AAC introduces an admissible-by-architecture differentiable landmark compression module for A* shortest-path heuristics, improving performance.

Key contributions

  • Introduces AAC, a differentiable landmark-selection module for ALT shortest-path heuristics.
  • Guarantees admissibility by construction through a row-stochastic mixture of triangle-inequality bounds.
  • Achieves near-optimal coverage, performing within 0.9-3.9% of the theoretical ceiling.
  • Outperforms FPS-ALT by 1.2-1.5x in speed on road networks at matched memory.

Why it matters

AAC is the first differentiable landmark compression for classical heuristic search that guarantees admissibility.
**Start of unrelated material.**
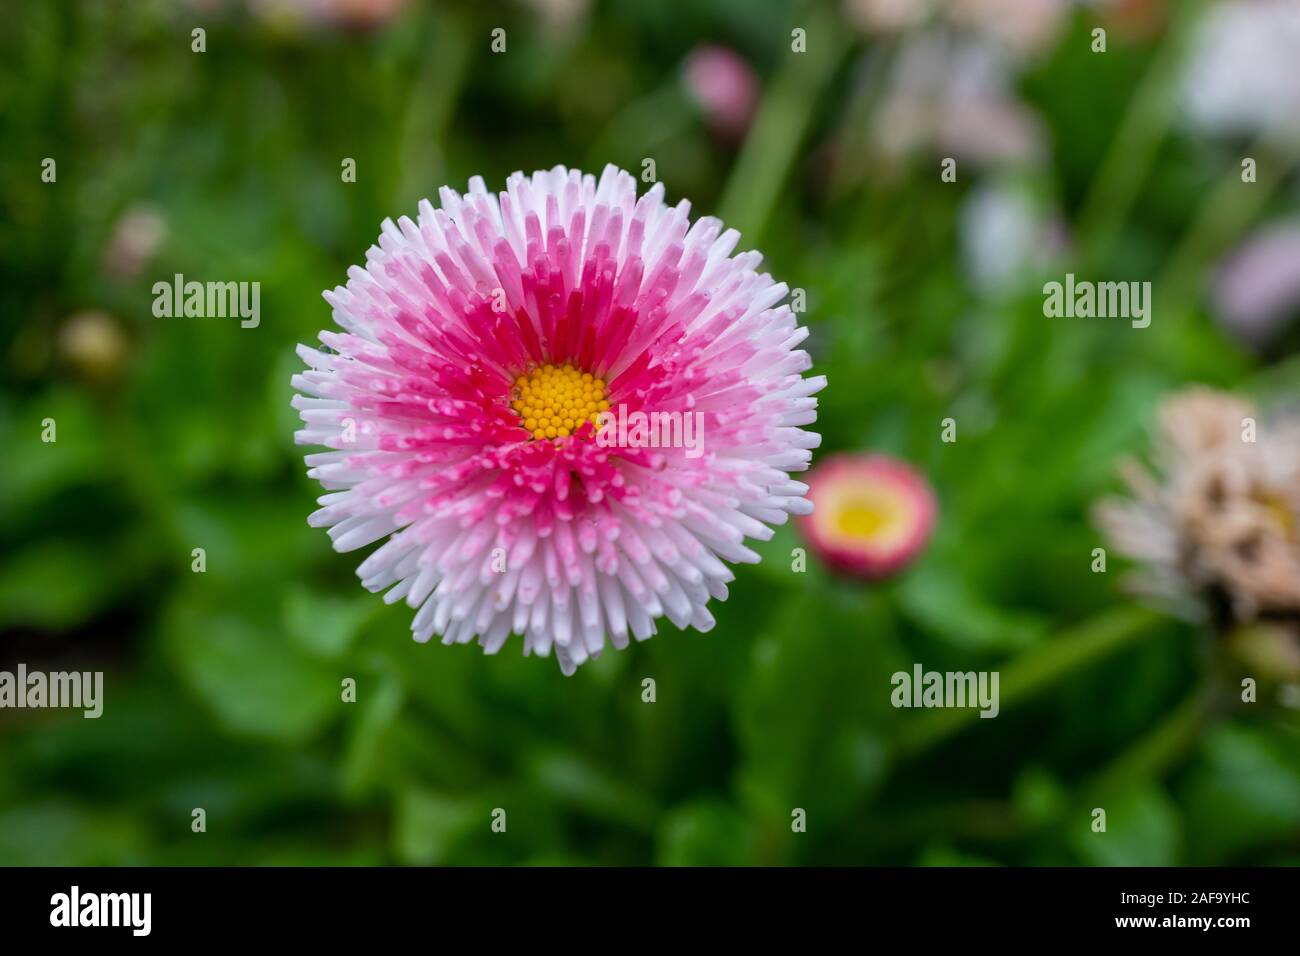 Beautiful pink flower with a green background in Germany during spring time - Daisy Pink Bellis Perennis Super Enorma Stock Photo

It integrates neural encoders with traditional shortest-path tools, offering faster and more accurate pathfinding and bridging deep learning with established search algorithms.

Original Abstract

We introduce \textbf{AAC} (Architecturally Admissible Compressor), a differentiable landmark-selection module for ALT (A*, Landmarks, and Triangle inequality) shortest-path heuristics whose outputs are admissible by construction: each forward pass is a row-stochastic mixture of triangle-inequality lower bounds, so the heuristic is admissible for \emph{every} parameter setting without requiring convergence, calibration, or projection. At deployment, the module reduces to classical ALT on a learned subset, composing end-to-end with neural encoders while preserving the classical toolchain. The construction is the first differentiable instance of the compress-while-preserving-admissibility tradition in classical heuristic search. Under a matched per-vertex memory protocol, we establish that ALT with farthest-point-sampling landmarks (FPS-ALT) has provably near-optimal coverage on metric graphs, leaving at most a few percentage points of headroom for \emph{any} selector. AAC operates near this ceiling: the gap is $0.9$--$3.9$ percentage points on 9 road networks and ${\leq}1.3$ percentage points on synthetic graphs, with zero admissibility violations across $1{,}500+$ queries and all logged runs. At matched memory, AAC is also $1.2$--$1.5{\times}$ faster than FPS-ALT at the median query on DIMACS road networks, amortizing its offline cost within $170$--$1{,}924$ queries. A controlled ablation isolates the binding constraint: training-objective drift under default initialization, not architectural capacity; identity-on-first-$m$ initialization closes the expansion-count gap entirely. We release the module, a reusable matched-memory benchmarking protocol with paired two-one-sided-test (TOST) equivalence and pre-registration, and a reference compressed-differential-heuristics baseline.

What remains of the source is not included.